McCulloch’s fealty to the police is clear. He has stated that he would have joined the force (after a stint in the military) had he not lost a leg to cancer as a teenager. “I couldn’t become a policeman,” he told the St. Louis Post-Dispatch, “so being county prosecutor is the next best thing.” If he had become a cop, he would have followed a well-worn family path. His brother Joseph was a sergeant in St. Louis’s Ninth District. For two decades his mother, Anne, was employed as a clerk in the homicide division. His father, Paul, joined the force in 1949 before resigning to serve with the US Marines in Korea. Paul McCulloch returned to the SLPD in 1951 and in 1955 became an original member of the department’s Canine Corps. He became a minor celebrity because of the work of Duke, described by the Chicago Defender as his “reefer-sniffing dog.”

Fifty years before Michael Brown was shot to death on the streets of Ferguson, McCulloch’s father died in the line of duty. The father’s death casts additional doubt on the son’s ability to lead the grand jury investigation into Brown’s killing, while at the same time shedding a garish light on the history of racism, policing, and the law in St. Louis.

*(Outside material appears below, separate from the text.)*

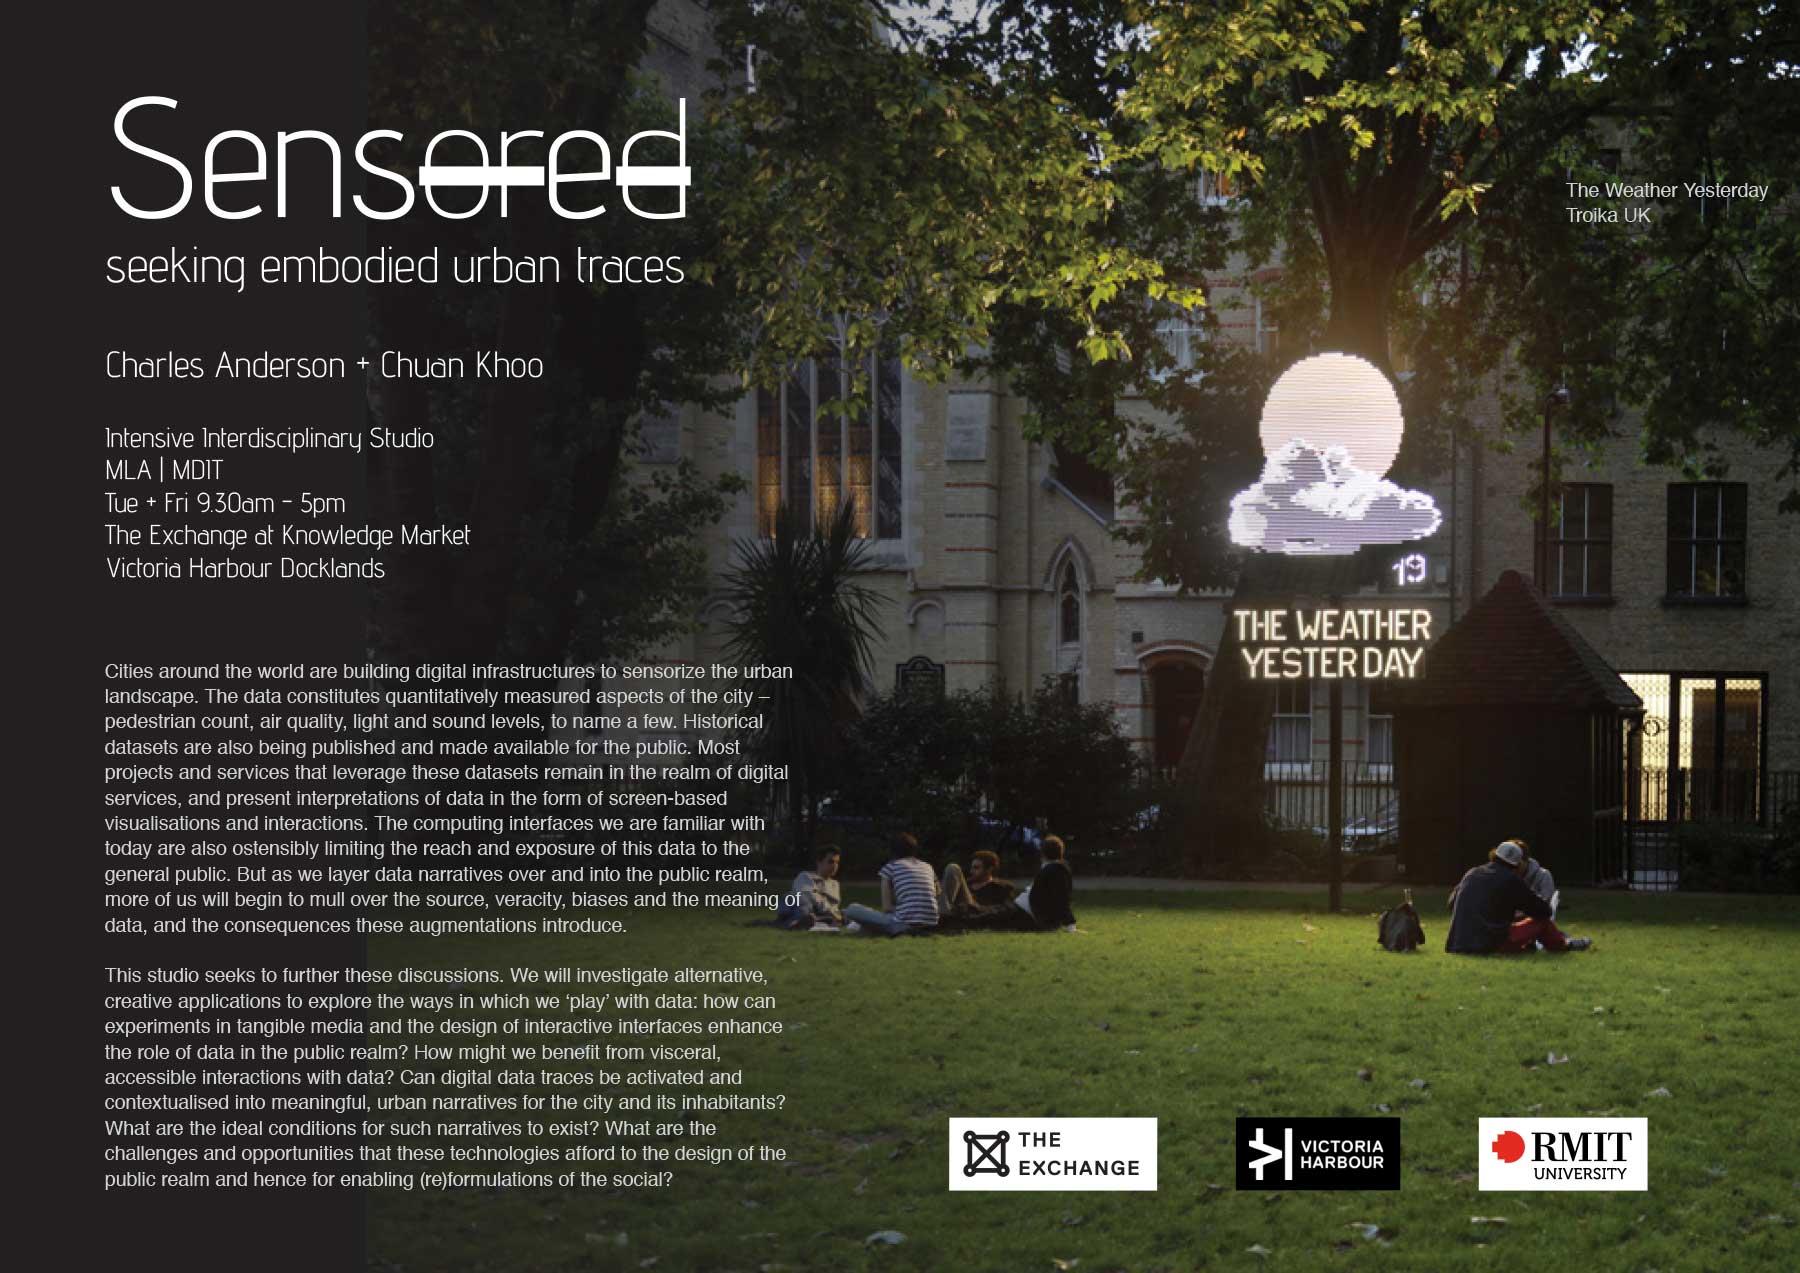 Sensored_poster_final.jpg
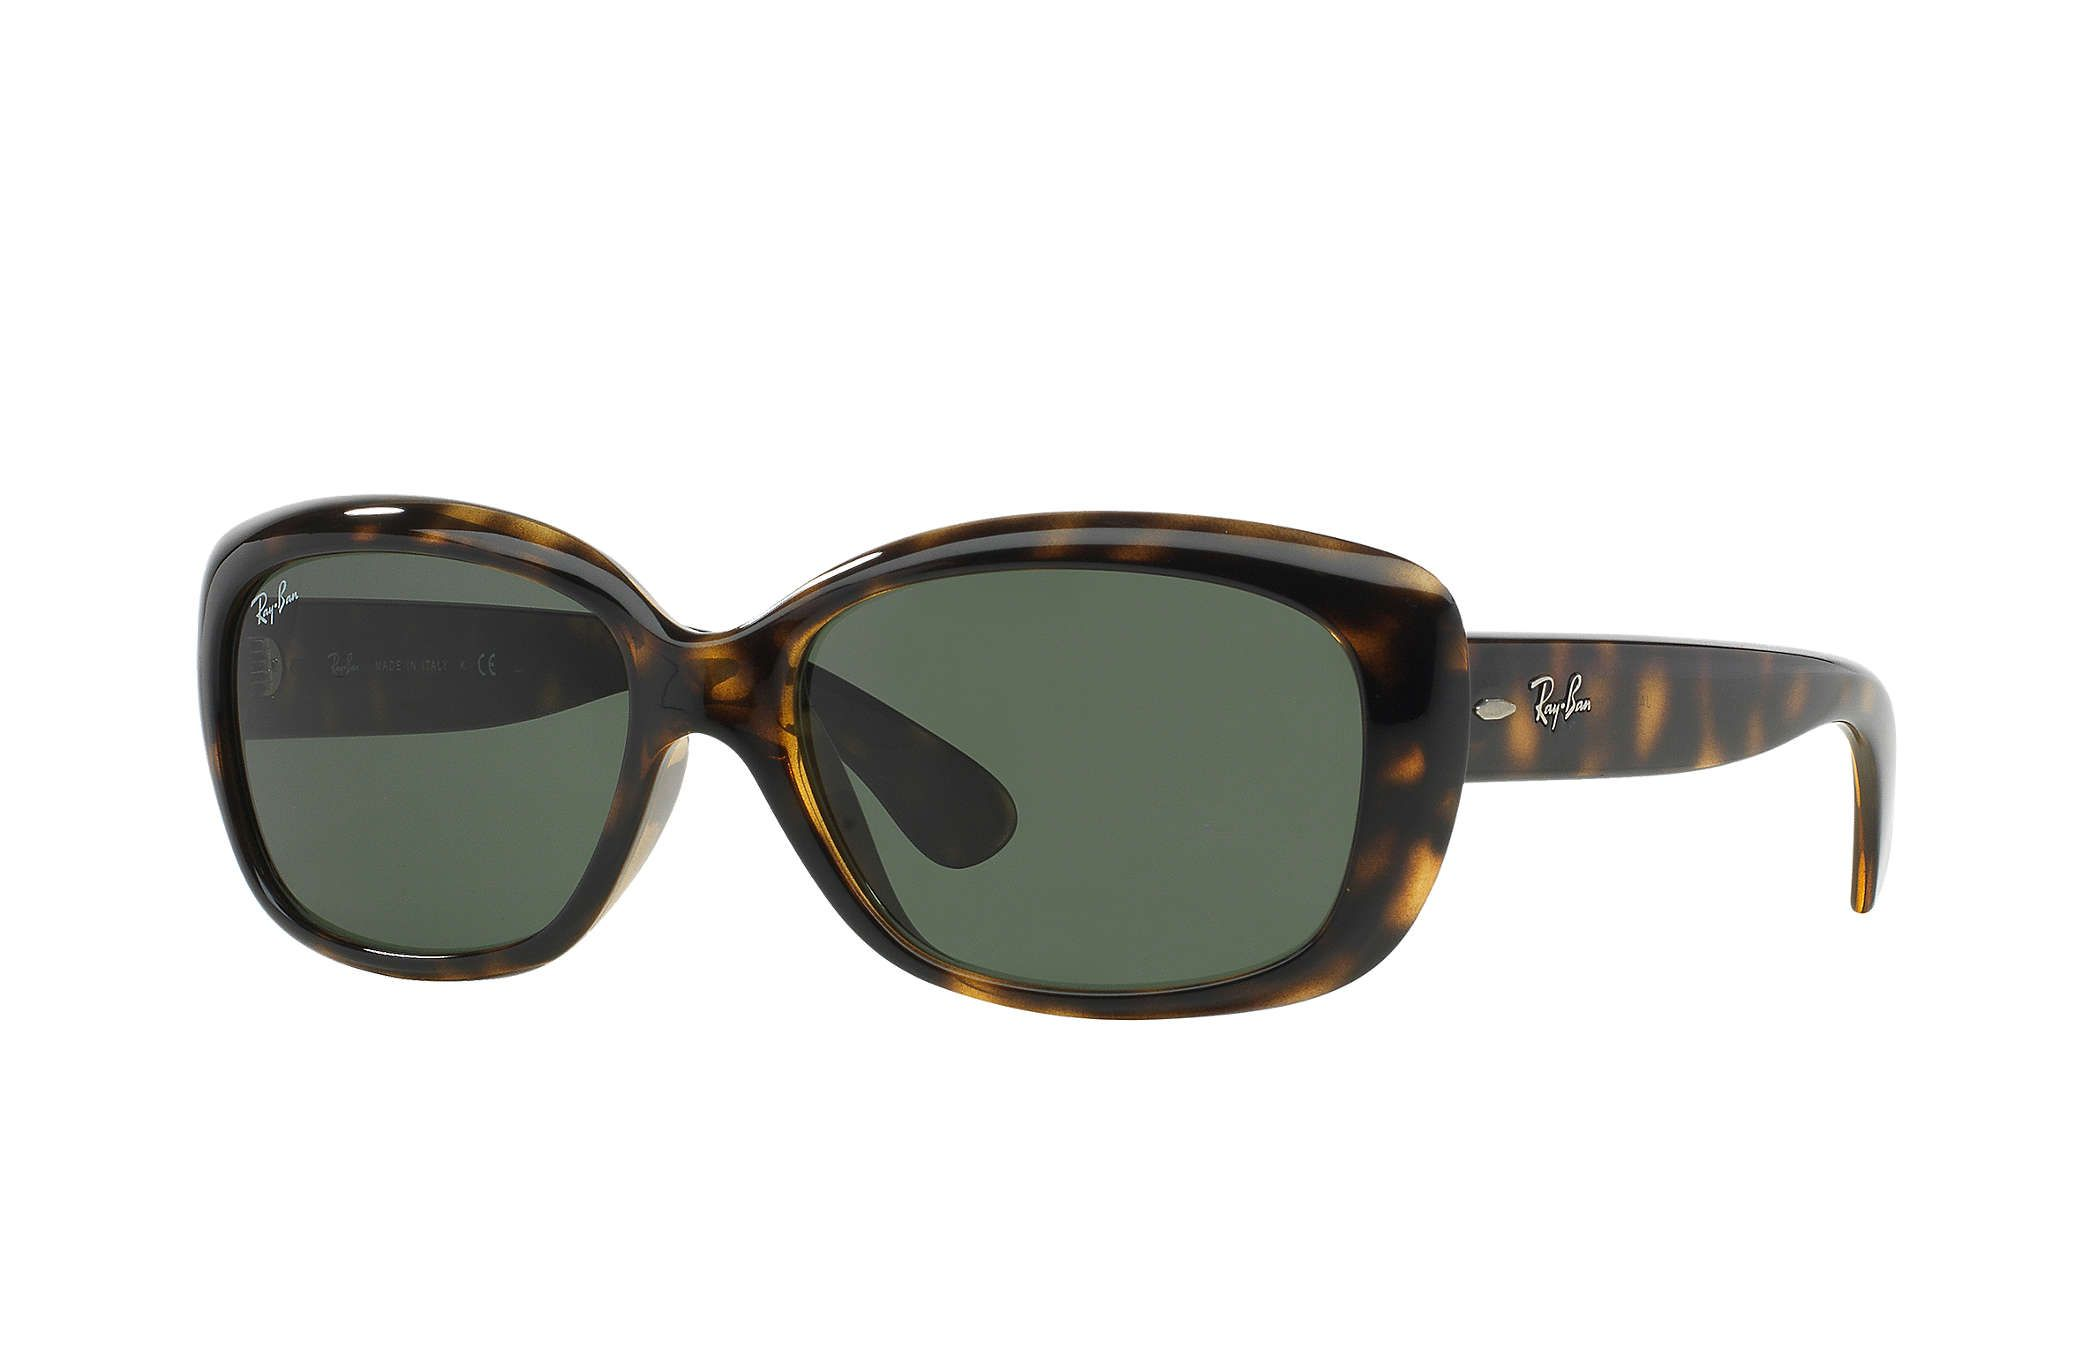 Ray Ban 0rb4101 Jackie Ohh Tortoise Sun Rectangle Sunglasses Ray Ban Women Ray Bans

Paul McCulloch was killed the evening of July 2, 1964, during a gun battle in St. Louis’s infamous Pruitt-Igoe housing projects. His alleged killer, Eddie Steve Glenn, was a black man who had reportedly abducted a white woman. McCulloch was 12 years old at the time of his father’s death. He still gets emotional when the incident is brought up, though he denies that the killing has influenced his vision as a prosecutor. “My father was killed many, many years ago, and it’s certainly not something you forget, but it’s certainly not something that clouds my judgment in looking at a case,” McCulloch told the St. Louis Post-Dispatch in 1991. “It certainly makes you more aware of the severity of it.”